Optional system dependencies (feature-dependent):
- Tesseract OCR: `tesseract-ocr` (for image/scanned-text OCR)

Optional external services (feature-dependent):
- Azure Document Intelligence endpoint (for enhanced PDF extraction)
- OpenAI-compatible LLM endpoint (e.g., OpenRouter) for AI image descriptions

## Example Usage

### Install

```bash
pip install 'markitdown[all]'
```

### CLI: Convert a PDF to Markdown

```bash
markitdown document.pdf -o output.md
```

### Python: Convert multiple formats (PDF/XLSX/PPTX/DOCX) and save outputs

```python
from pathlib import Path
from markitdown import MarkItDown

md = MarkItDown()

files = [
    "document.pdf",
    "spreadsheet.xlsx",
    "presentation.pptx",
    "notes.docx",
]

for path in files:
    result = md.convert(path)
    out = Path(path).with_suffix(".md")
    out.write_text(result.text_content, encoding="utf-8")
    print(f"Converted {path} -> {out}")
```

### Python: Stream conversion (useful for large files)

```python
from markitdown import MarkItDown

md = MarkItDown()

with open("large_file.pdf", "rb") as f:
    result = md.convert_stream(f, file_extension=".pdf")

with open("large_file.md", "w", encoding="utf-8") as out:
    out.write(result.text_content)
```

### Python: AI-enhanced image/slide descriptions (OpenAI-compatible, e.g., OpenRouter)

```python
from markitdown import MarkItDown
from openai import OpenAI

client = OpenAI(
    api_key="YOUR_OPENROUTER_API_KEY",
    base_url="https://openrouter.ai/api/v1",
)

md = MarkItDown(
    llm_client=client,
    llm_model="anthropic/claude-opus-4.5",
    llm_prompt="Describe this image in detail for scientific documentation.",
)

result = md.convert("presentation.pptx")
print(result.text_content)
```

## Implementation Details

- **Conversion entry points**
  - `MarkItDown().convert(path)` converts a file by path/URL and returns an object whose primary payload is `result.text_content` (Markdown).
  - `MarkItDown().convert_stream(stream, file_extension=".pdf")` converts from a binary stream; use this for large files or when data is not on disk.

- **Format handling**
  - Format support is provided by optional extras (e.g., `pdf`, `docx`, `pptx`, `xlsx`, `audio-transcription`, `youtube-transcription`) or `all`.
  - ZIP inputs are typically processed by iterating through contained files and converting each supported entry.

- **OCR**
  - For images/scanned documents, OCR is enabled when OCR tooling is available (commonly Tesseract). Ensure the OS-level OCR binary is installed and accessible in `PATH`.

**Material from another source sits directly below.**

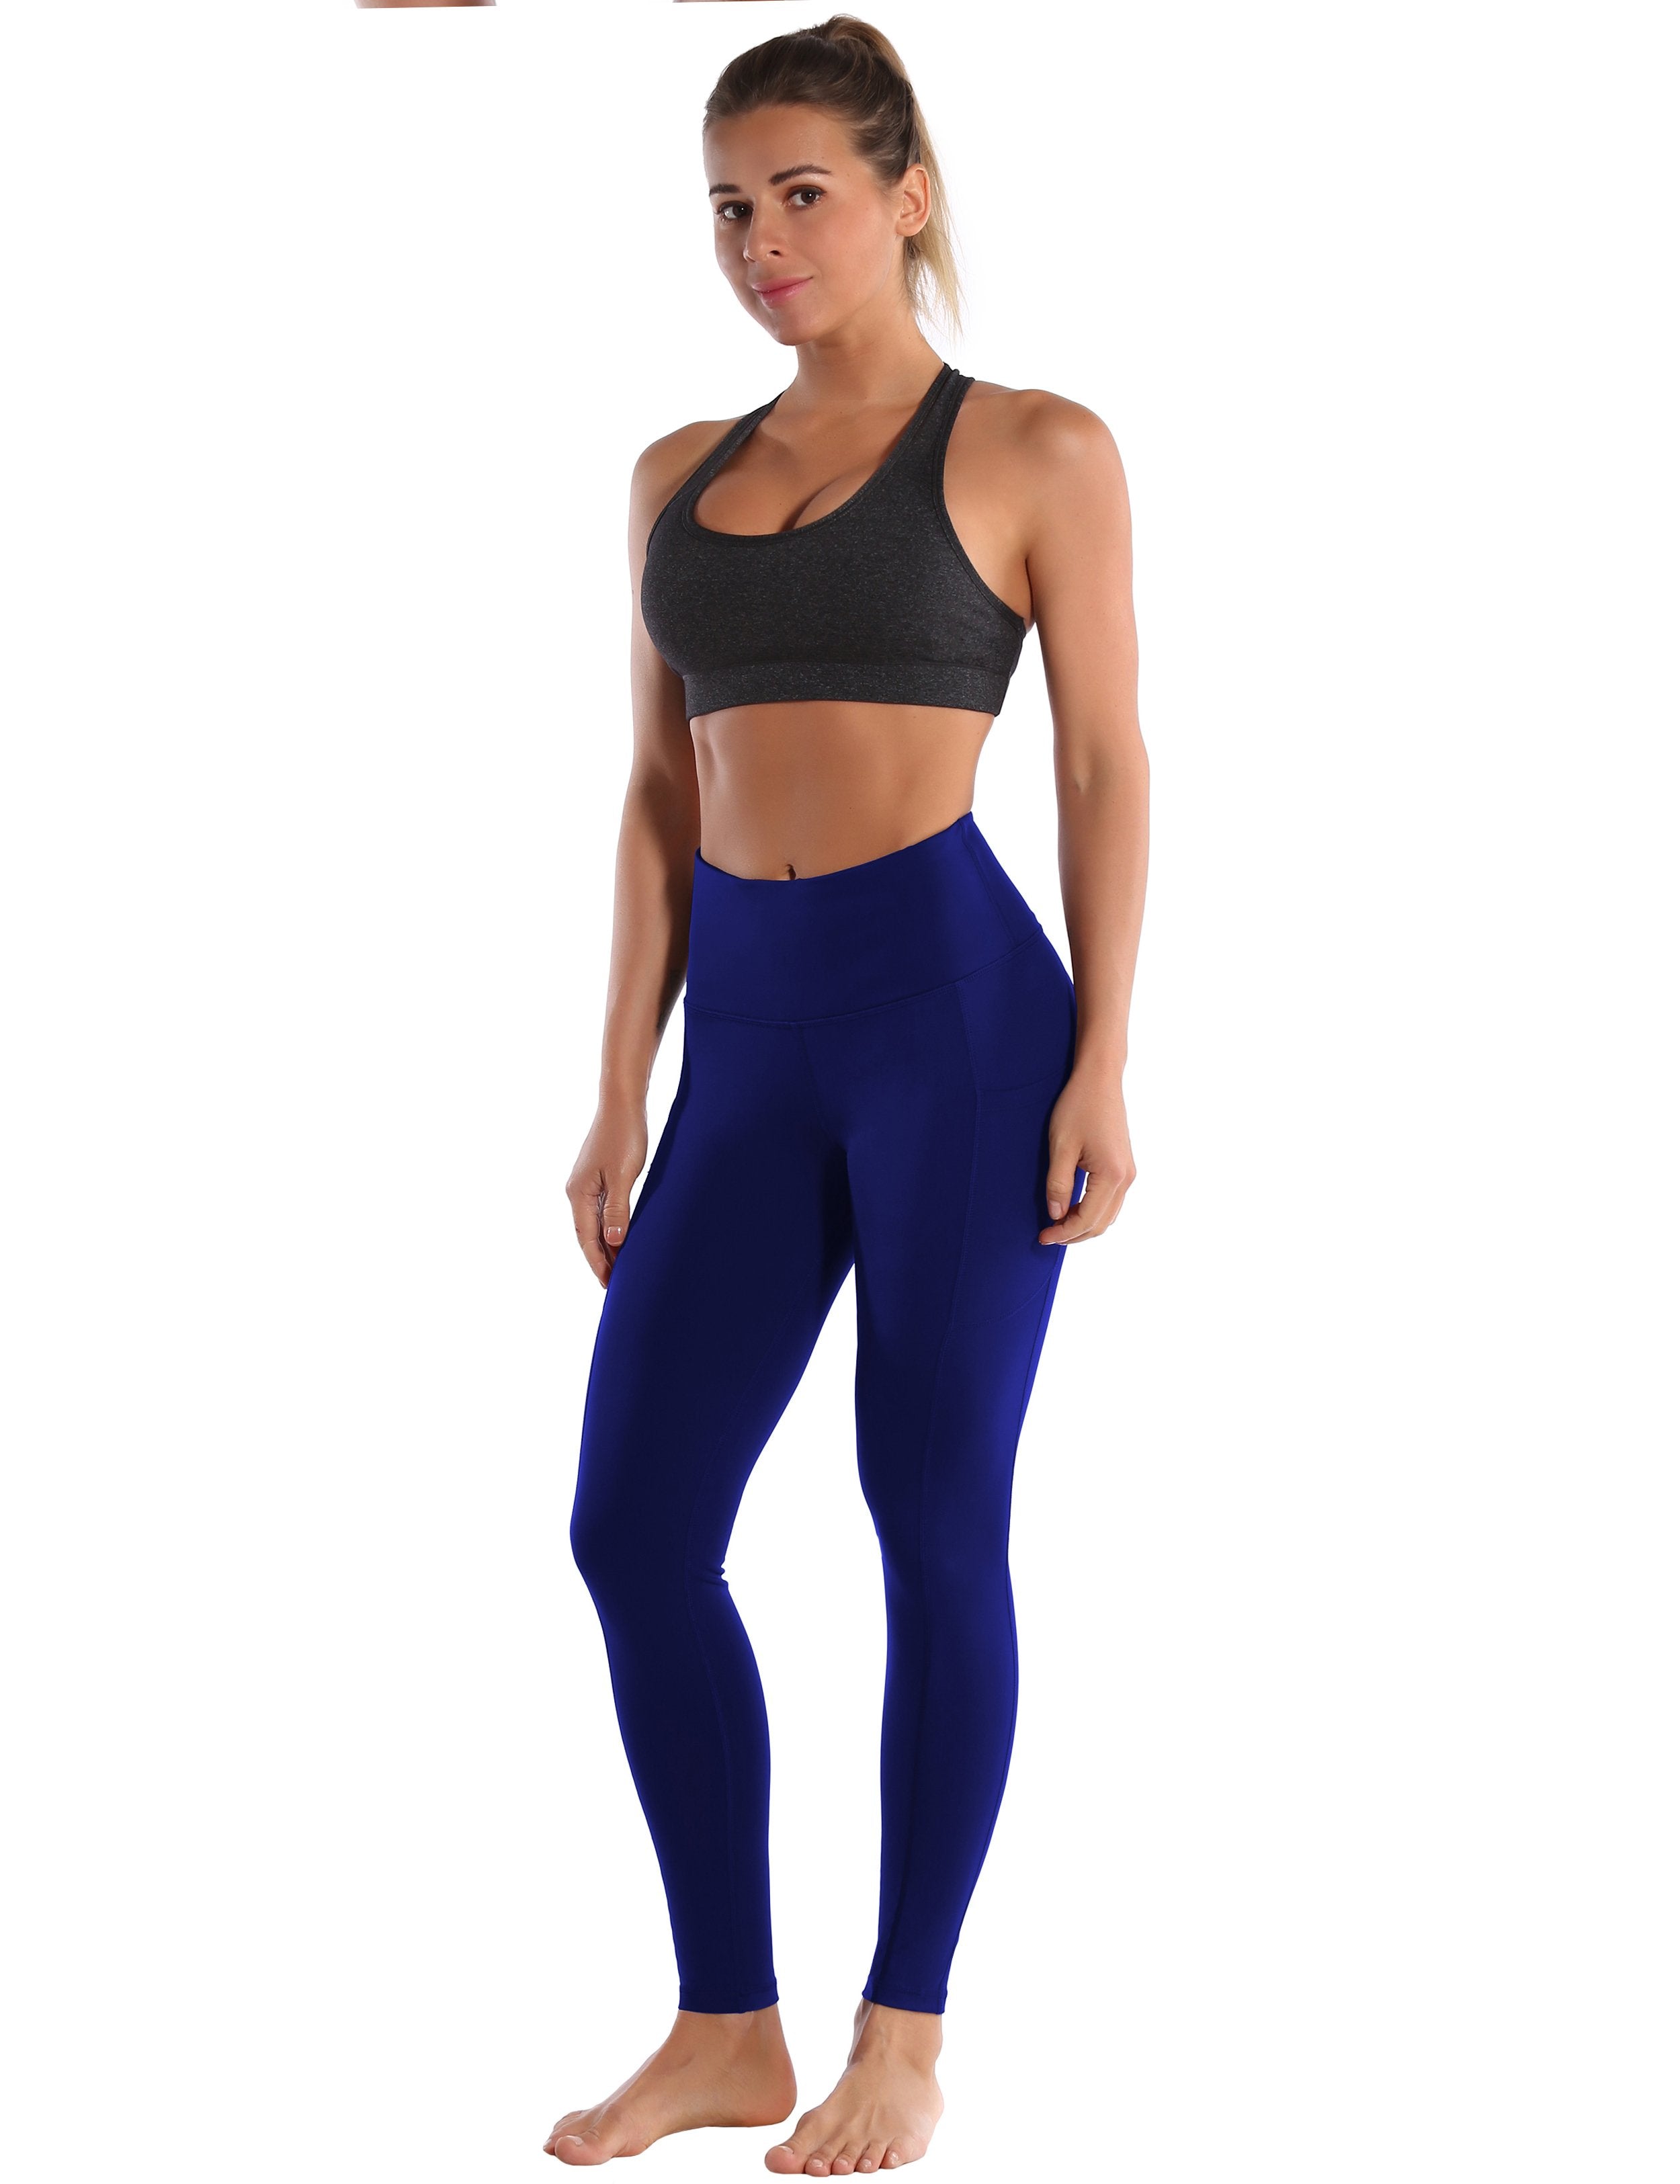 Hip Line Side Pockets Running Pants navy Sexy Hip Line Side Pockets 75%Nylon/25%Spandex Fabric doesn't attract lint easily 4-way stretch No see-through Moisture-wicking Tummy control Inner pocket Two lengths
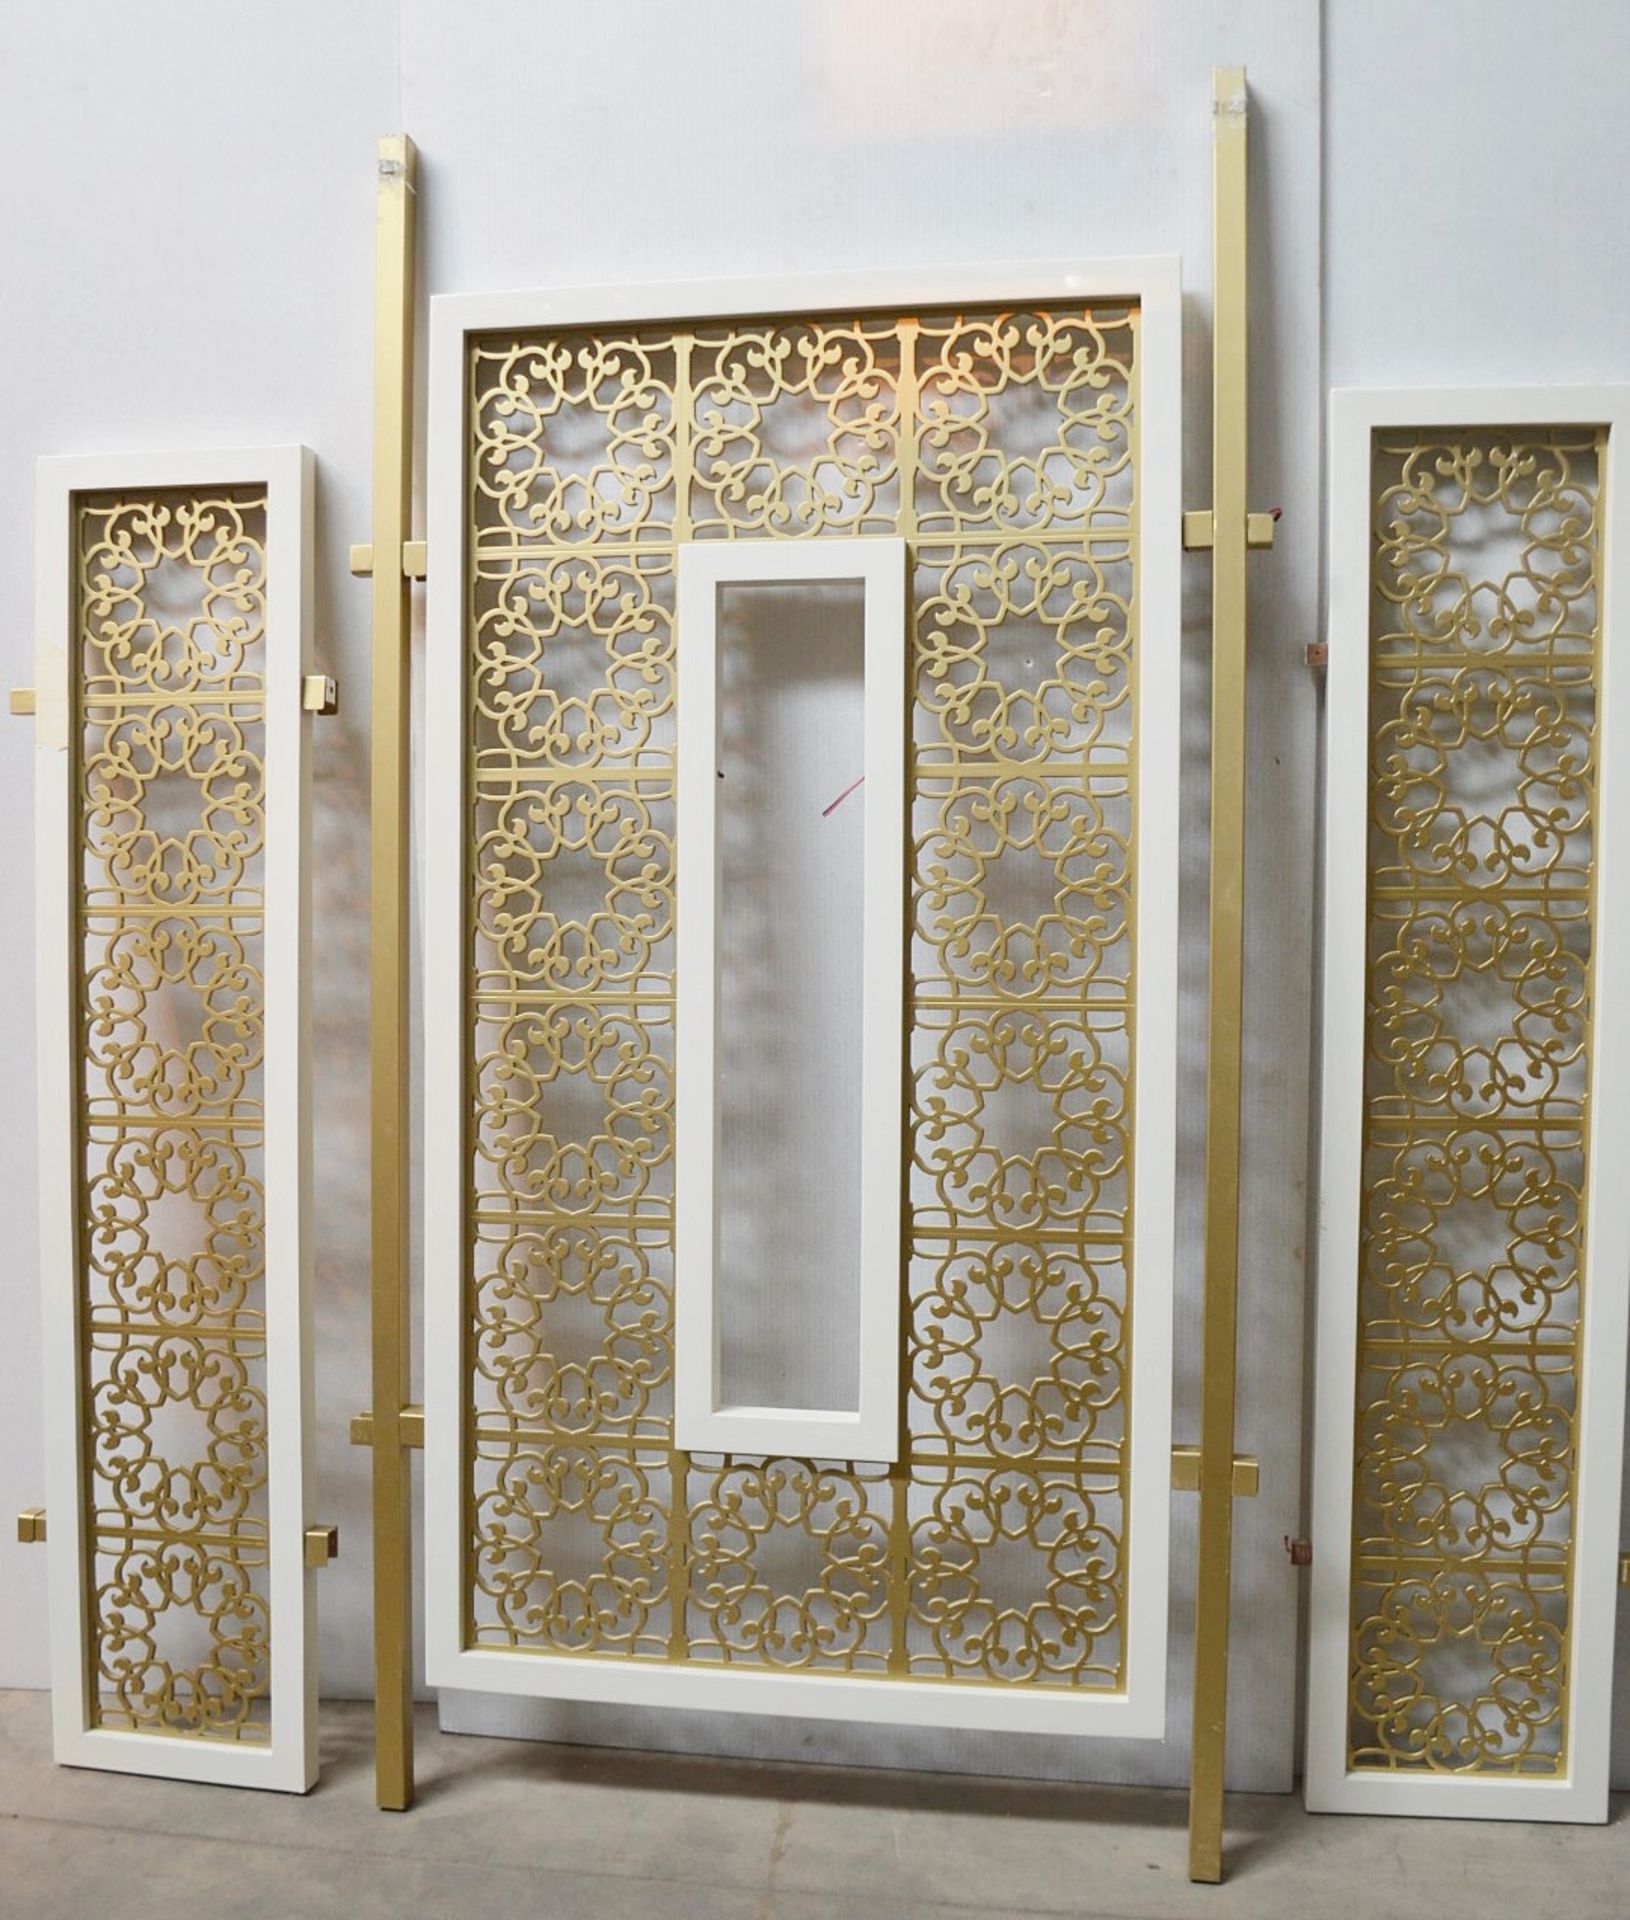 A Set Of 3 x Moroccan-style Room Divider Screen Panels With Pendant Light - Ref: HMS108 - CL668 - - Image 8 of 10

- **AI image descriptions**
  - When `llm_client`, `llm_model`, and `llm_prompt` are provided, MarkItDown can request model-generated descriptions for images (including slide images), then inject those descriptions into the Markdown output.
  - Any OpenAI-compatible client can be used (e.g., OpenRouter) by setting `base_url` and `api_key`.

- **Enhanced PDF extraction (Azure Document Intelligence)**
  - When configured with a Document Intelligence endpoint, PDF extraction can be improved for complex layouts (tables, multi-column text, scanned PDFs), producing more faithful Markdown structure.

- **Plugins**
  - Plugins can be listed and enabled from the CLI (e.g., `--list-plugins`, `--use-plugins`) to extend conversion behavior or add new format handlers.